Similarly, targeting immune cells expressing α7-nAChRs has revealed their role in neuroinflammation. Activation of cells through α7-nAChRs has been shown to induce an anti-inflammatory milieu by modulating the release of pro-inflammatory cytokines (Nizri et al., 2009). Agonist and PAMs are currently being explored as potential agents of neuroprotection by promoting anti-inflammatory milieu and neuroplasticity in conditions like stroke (Han et al., 2014), multiple sclerosis (Godin et al., 2020), chronic pain (Freitas et al., 2013), and sepsis (Shi et al., 2022).

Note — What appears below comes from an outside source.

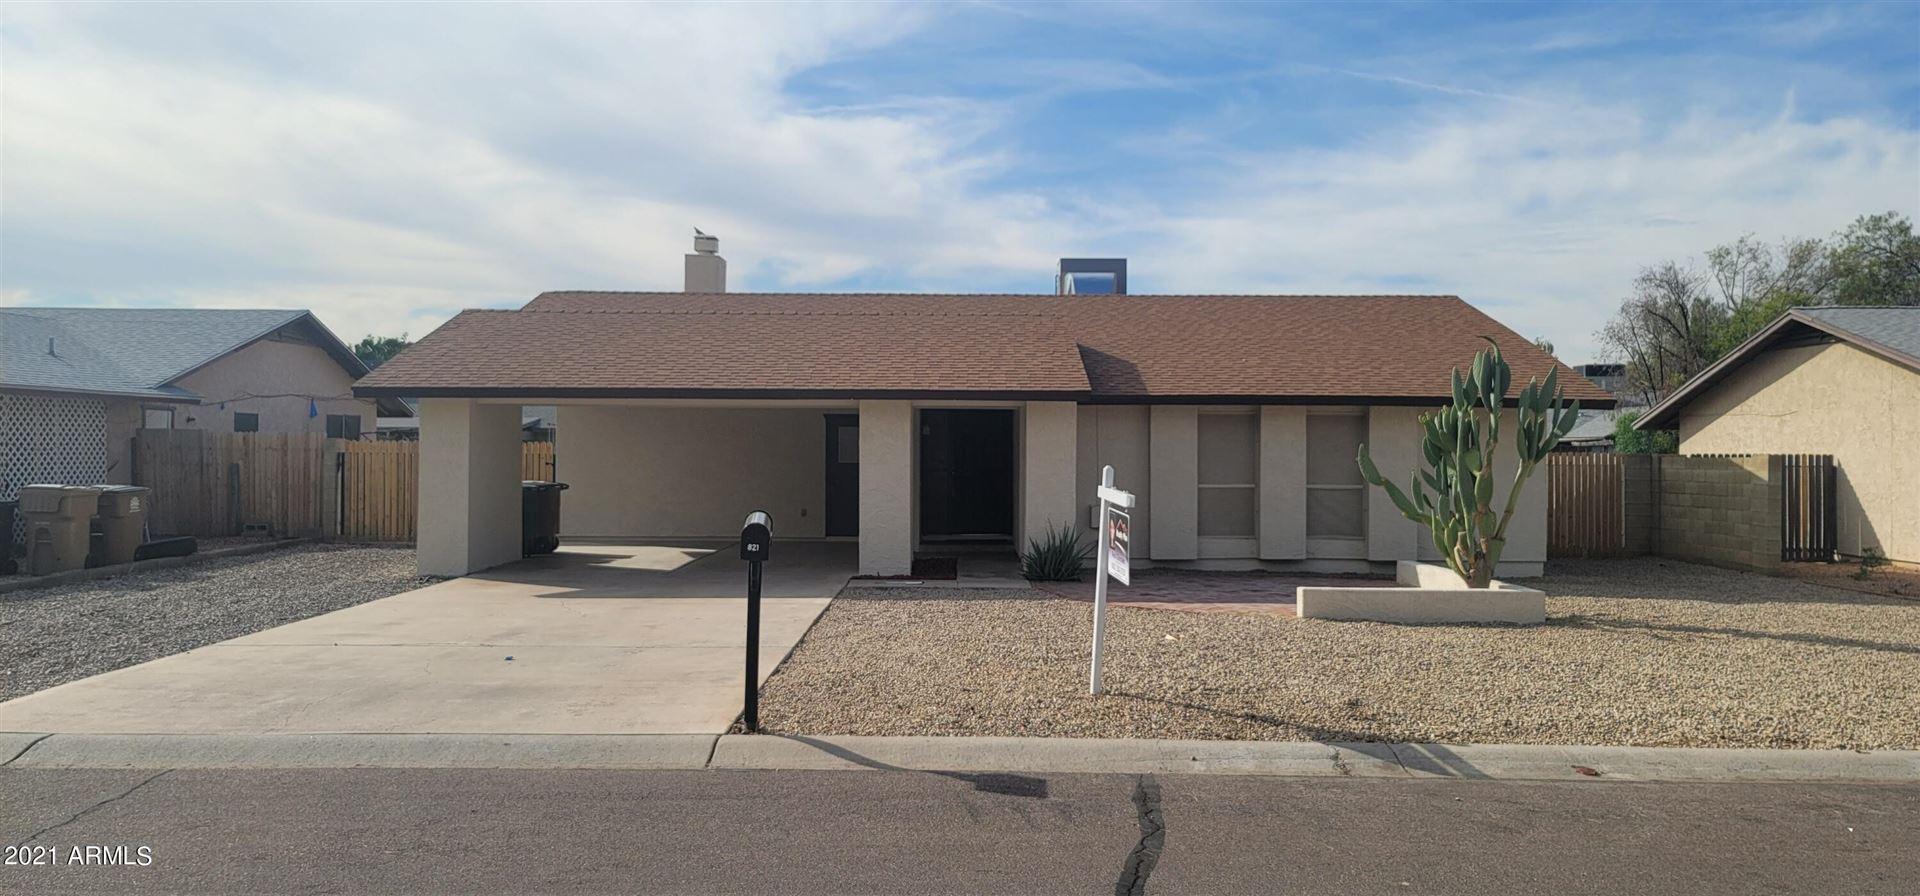 Photo of 821 E CALLE ADOBE Lane, Goodyear, AZ 85338 (MLS # 6269108)

Some α7-nAChR agonists can penetrate the blood-brain barrier, making them considerable candidates for targeting cognitive dementia and schizophrenia (Pohanka, 2012). For example, RG3487, an α7-nAChR agonist and serotonin receptor antagonist, has shown efficacy in modulating cognitive function in rodents and holds potential for treating Alzheimer’s disease (Wallace et al., 2011). Similarly, the agonist SEN34625/WYE-103914 has shown potential in treating cognitive disorders (Haydar et al., 2009), while the ABT-107 agonist demonstrated neuroprotective effects by protecting rat cortical cultures from glutamate-induced toxicity (Malysz et al., 2010). In stroke models, several α7-nAChR agonists and antagonists have been described. Using a permanent middle cerebral artery occlusion murine model, PHA 568487-(agonist) treated mice were found to perform better on neurofunctional tests, had decreased infarct volumes, and less neuronal cell death, which was reversed in mice treated with the antagonist methyllycaconitine (MLA) (Han et al., 2014).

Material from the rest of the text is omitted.